Kinshasa, 19 août 2025 – Le processus de paix entre la République démocratique du Congo (RDC) et le mouvement rebelle M23, engagé depuis avril à Doha sous médiation qatarie, connaît un tournant incertain. Alors que la date butoir du 18 août pour la signature d’un accord global est désormais dépassée, les négociations se poursuivent dans un climat de méfiance et de tensions persistantes.

Un projet d’accord, partagé récemment avec les deux délégations, dévoile les contours d’un compromis ambitieux. Il prévoit notamment la libération de plusieurs centaines de prisonniers, la création d’une force conjointe intérimaire composée à 50 % de combattants du M23, placée sous l’autorité du ministère congolais de l’Intérieur, et déployée exclusivement dans les provinces du Nord-Kivu et du Sud-Kivu.

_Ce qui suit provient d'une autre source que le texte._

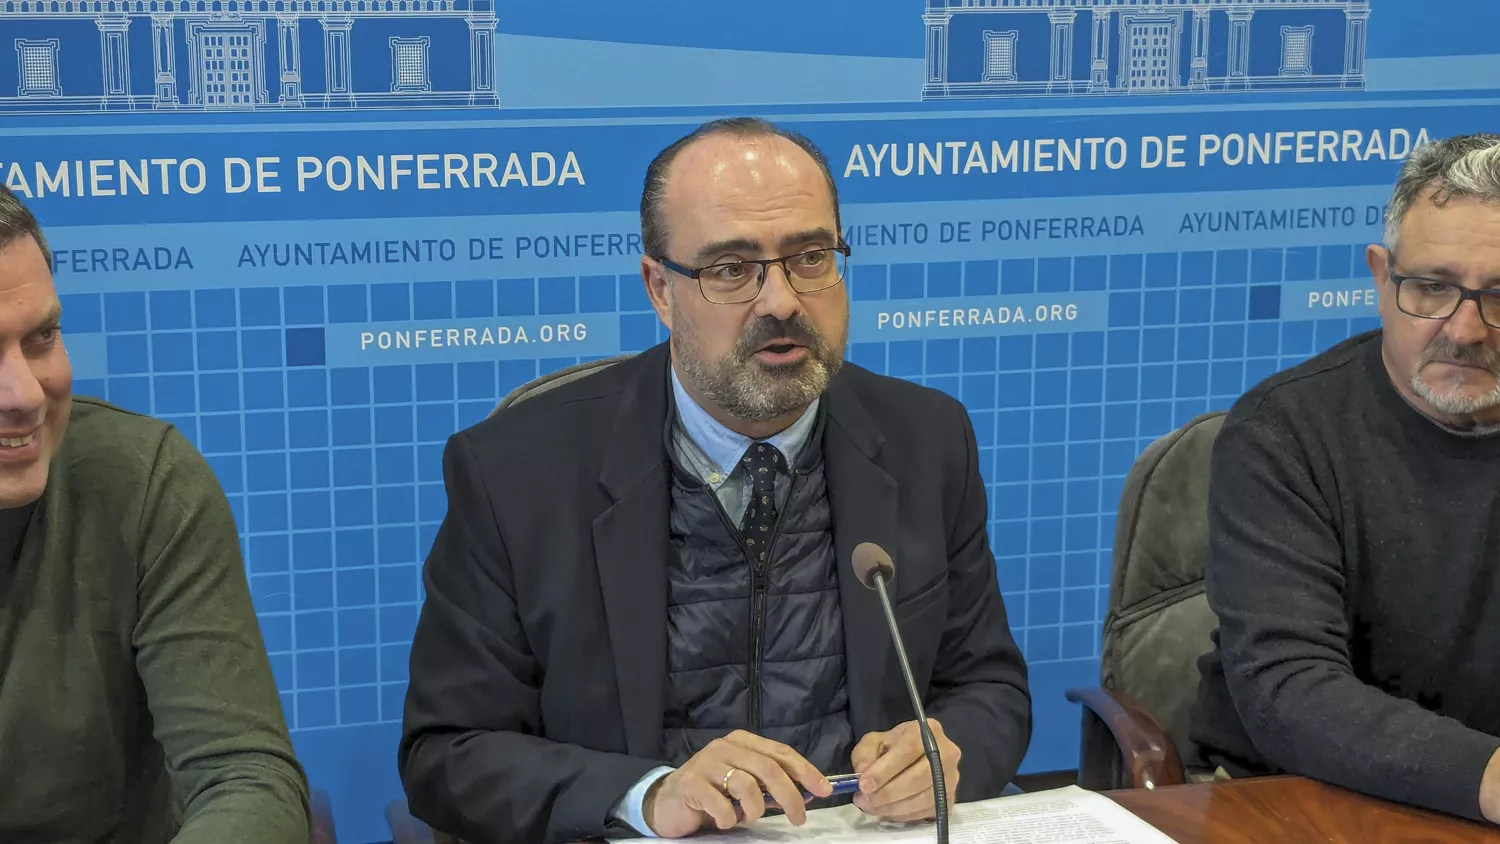 El alcalde de Ponferrada, Marco Morala, anuncia la autorización a la DGT a usar, de forma gratuita, un aula y una pista para la realización de los exámenes de conducir

Cette force bénéficierait d’un mandat de cinq ans, renouvelable, avant une éventuelle intégration dans les structures régulières de l’armée et de la police.

Le texte propose également un retour progressif de l’autorité de l’État dans les zones contrôlées par le M23, avec la nomination de dirigeants locaux intérimaires par Kinshasa, incluant des personnalités suggérées par le mouvement rebelle. Des élections locales sont envisagées pour 2027, précédées d’un dialogue national en 2026. Toutefois, le projet rejette explicitement toute forme de fédéralisme, une revendication centrale du M23, au nom de la restauration de l’unité étatique.

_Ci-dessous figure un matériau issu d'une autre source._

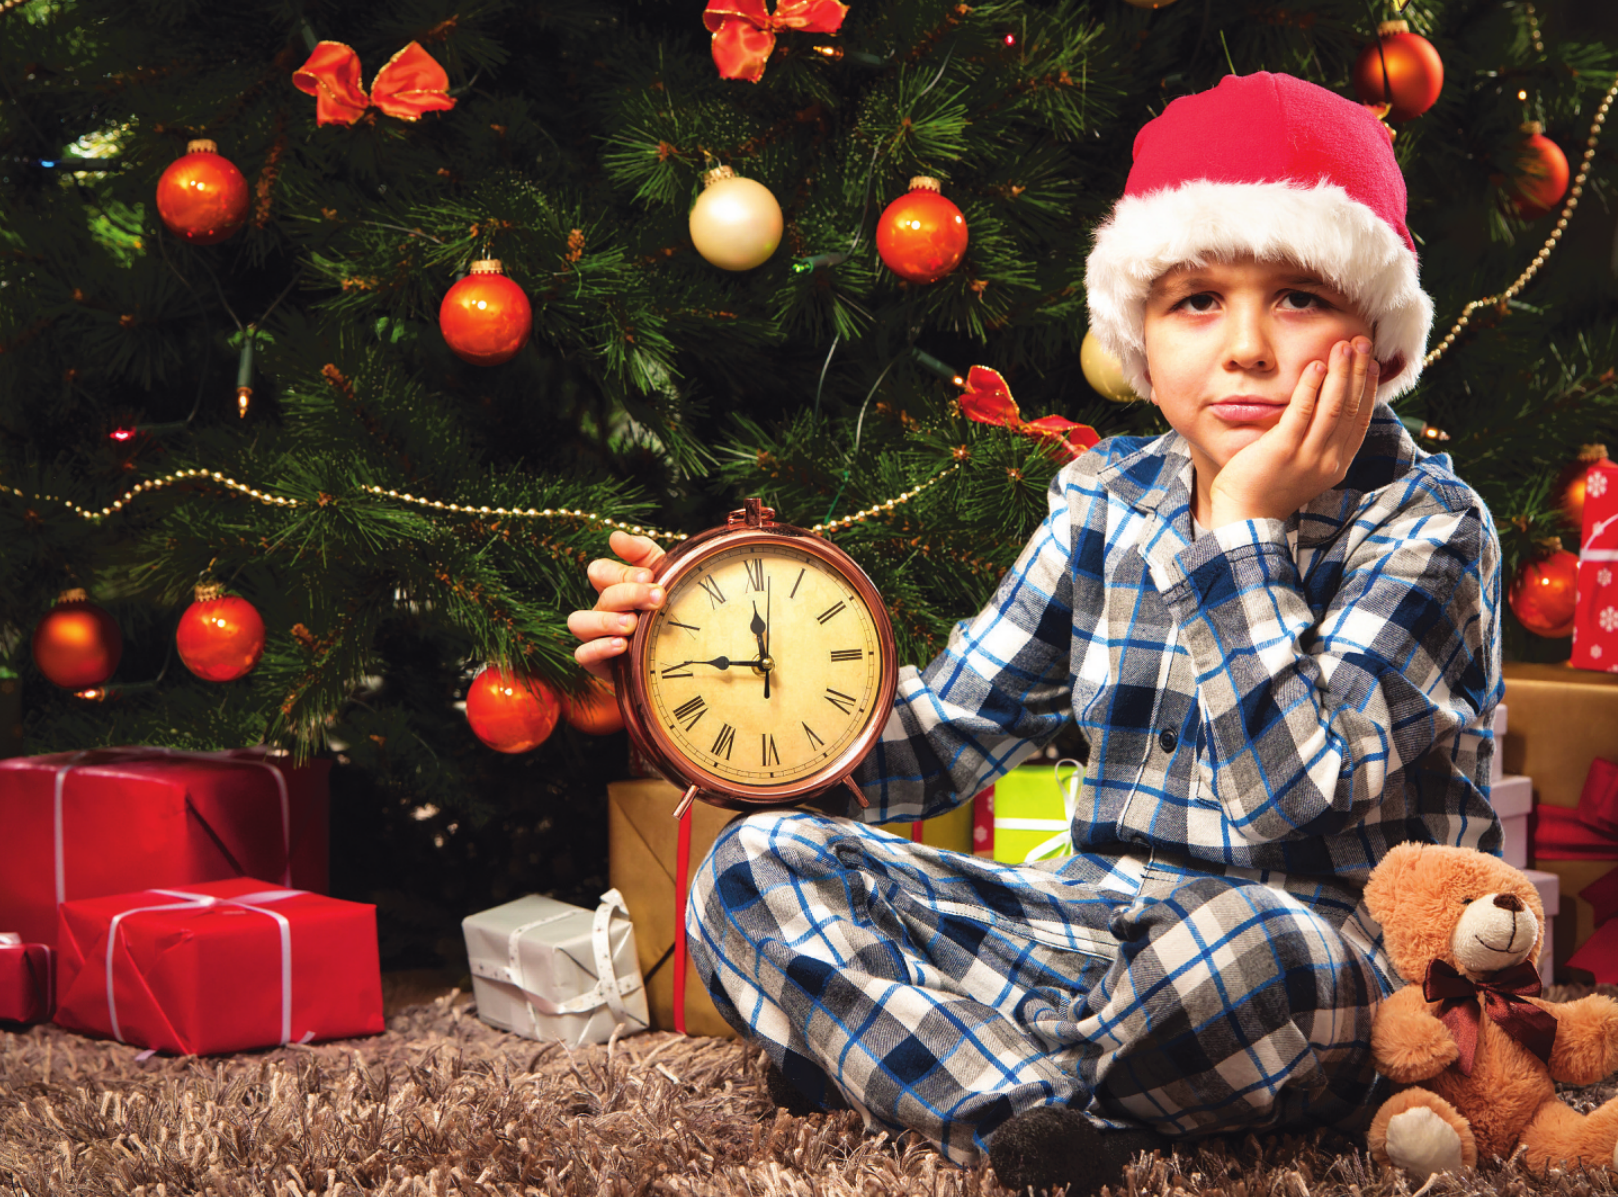 Wann kommt denn nun endlich der Weihnachtsmann? Foto:Adobe Stock/Alexander Raths

Malgré la signature d’une déclaration de principes le 19 juillet, qui engageait les parties à respecter un cessez-le-feu permanent et à entamer des négociations formelles dès le 8 août, les discussions ont été suspendues. Aucune délégation ne s’est présentée à Doha à la date prévue, en raison notamment du blocage sur la question de la libération des prisonniers. Le M23 exige la libération préalable de 700 de ses membres, conditionnant sa participation à cette mesure de confiance, tandis que Kinshasa n’a encore procédé à aucun geste concret.

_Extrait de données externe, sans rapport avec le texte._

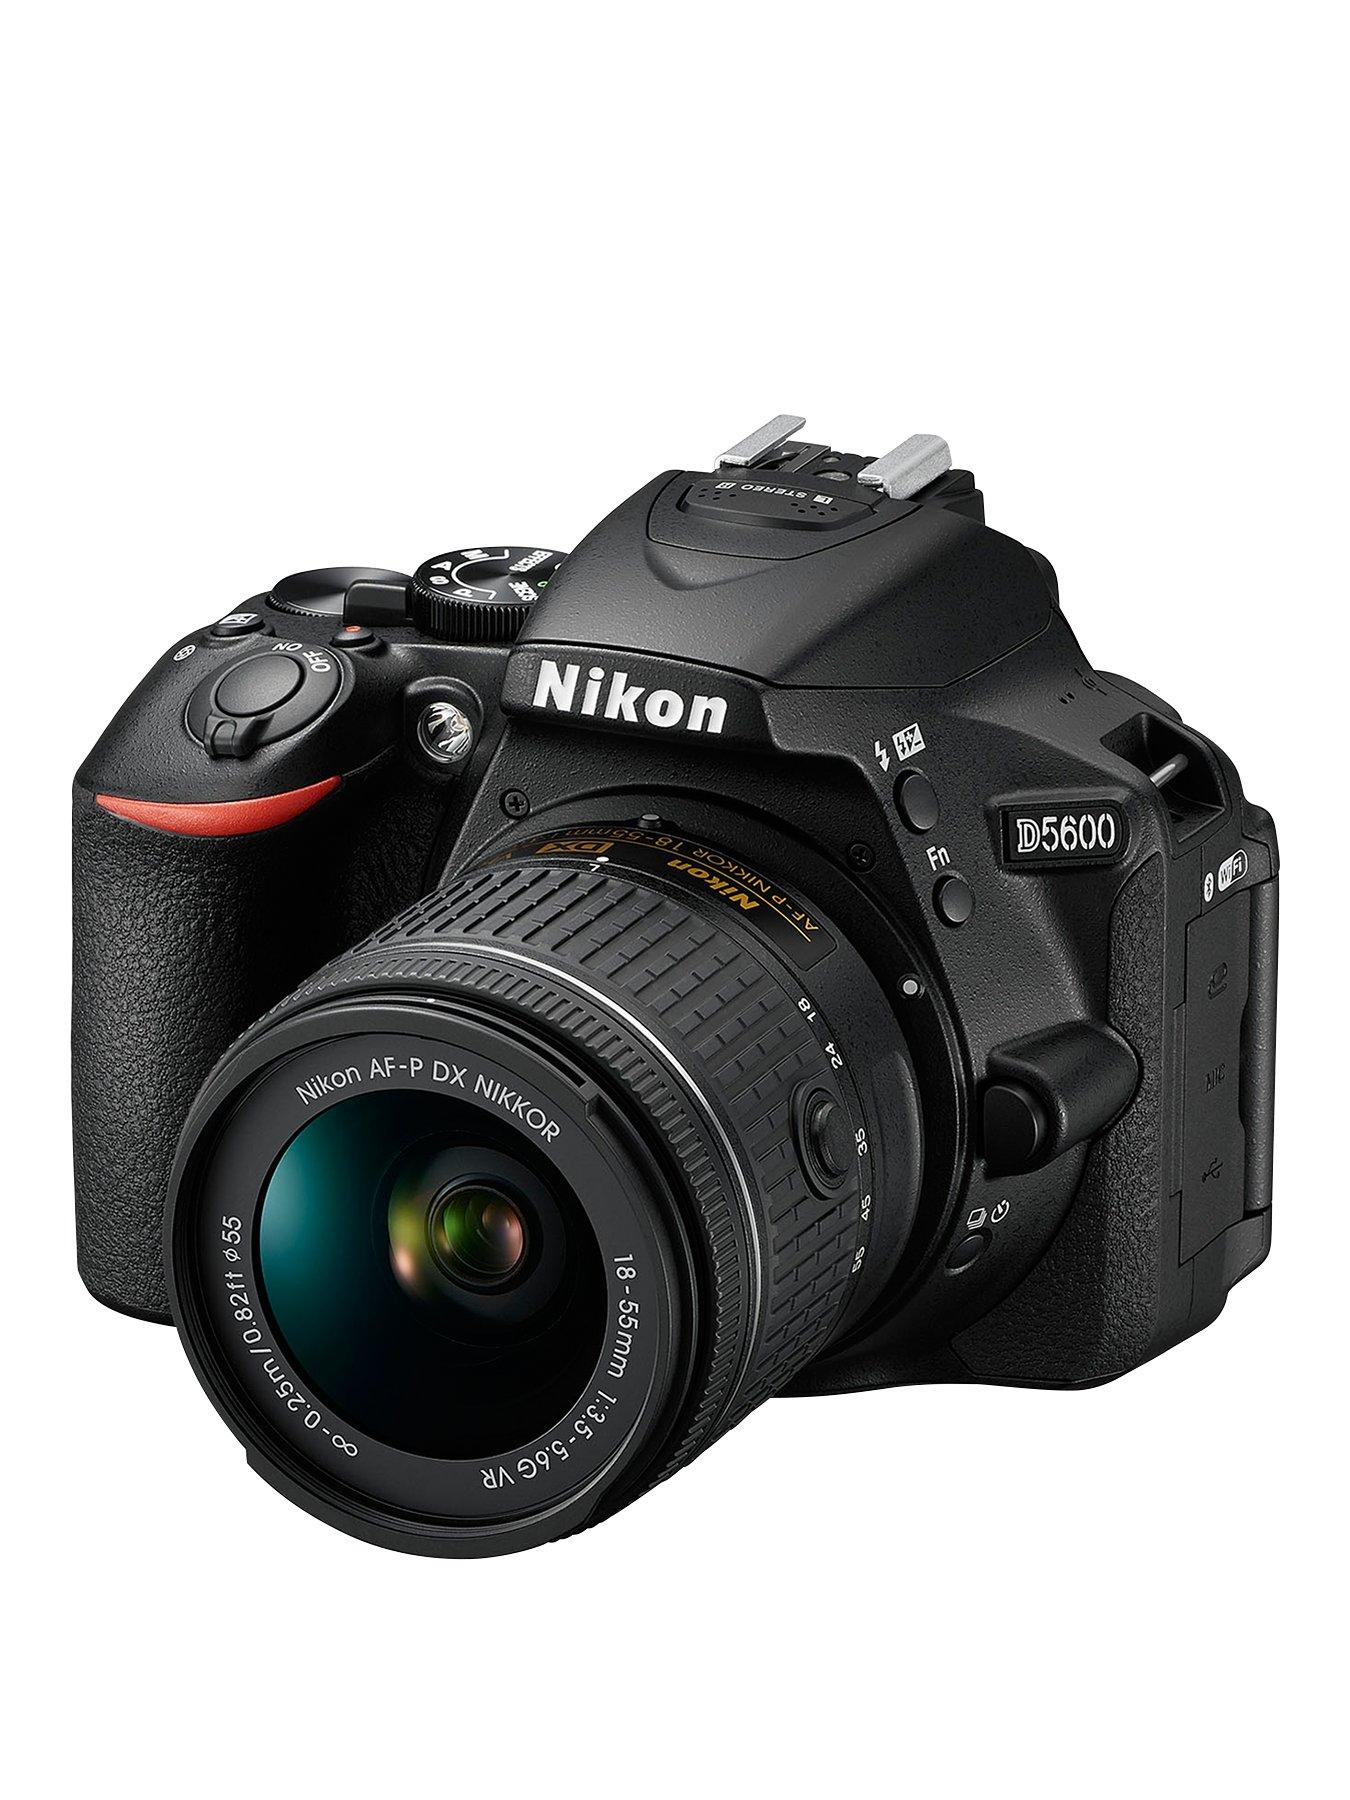 Nikon D5600 Digital Slr Camera With Af-P 18-55Mm Vr Lens

Des affrontements ont été signalés dans l’est du pays depuis la signature de la déclaration, mettant en péril la trêve fragile. Les FARDC accusent le M23 de violations répétées du cessez-le-feu, tandis que le mouvement rebelle dénonce des manœuvres militaires offensives de l’armée congolaise. Cette recrudescence des violences alimente les inquiétudes sur la viabilité du processus de Doha.

La médiation qatarie, appuyée par l’Union africaine et les États-Unis, maintient son engagement et affirme que les deux parties ont exprimé leur volonté de poursuivre les pourparlers. Toutefois, l’impasse sur les mesures de confiance, notamment l’échange de prisonniers sous l’égide de la Croix-Rouge internationale, freine toute avancée significative.

Dans ce contexte, l’accord de paix bilatéral signé entre la RDC et le Rwanda à Washington le 27 juin, ratifié par Kigali le 29 juillet, ajoute une dimension diplomatique complexe. Le M23, historiquement lié à Kigali selon plusieurs rapports onusiens, insiste pour négocier son propre accord avec Kinshasa, estimant que le texte de Washington ne répond pas à ses revendications spécifiques.

Alors que les négociations de Doha peinent à franchir un cap décisif, la situation sécuritaire dans l’est de la RDC reste préoccupante. Des milliers de civils continuent de fuir les combats, et la communauté internationale s’interroge sur la capacité des médiateurs à transformer ce projet d’accord en un engagement contraignant. Le temps presse, et chaque jour de retard renforce le spectre d’une reprise généralisée des hostilités.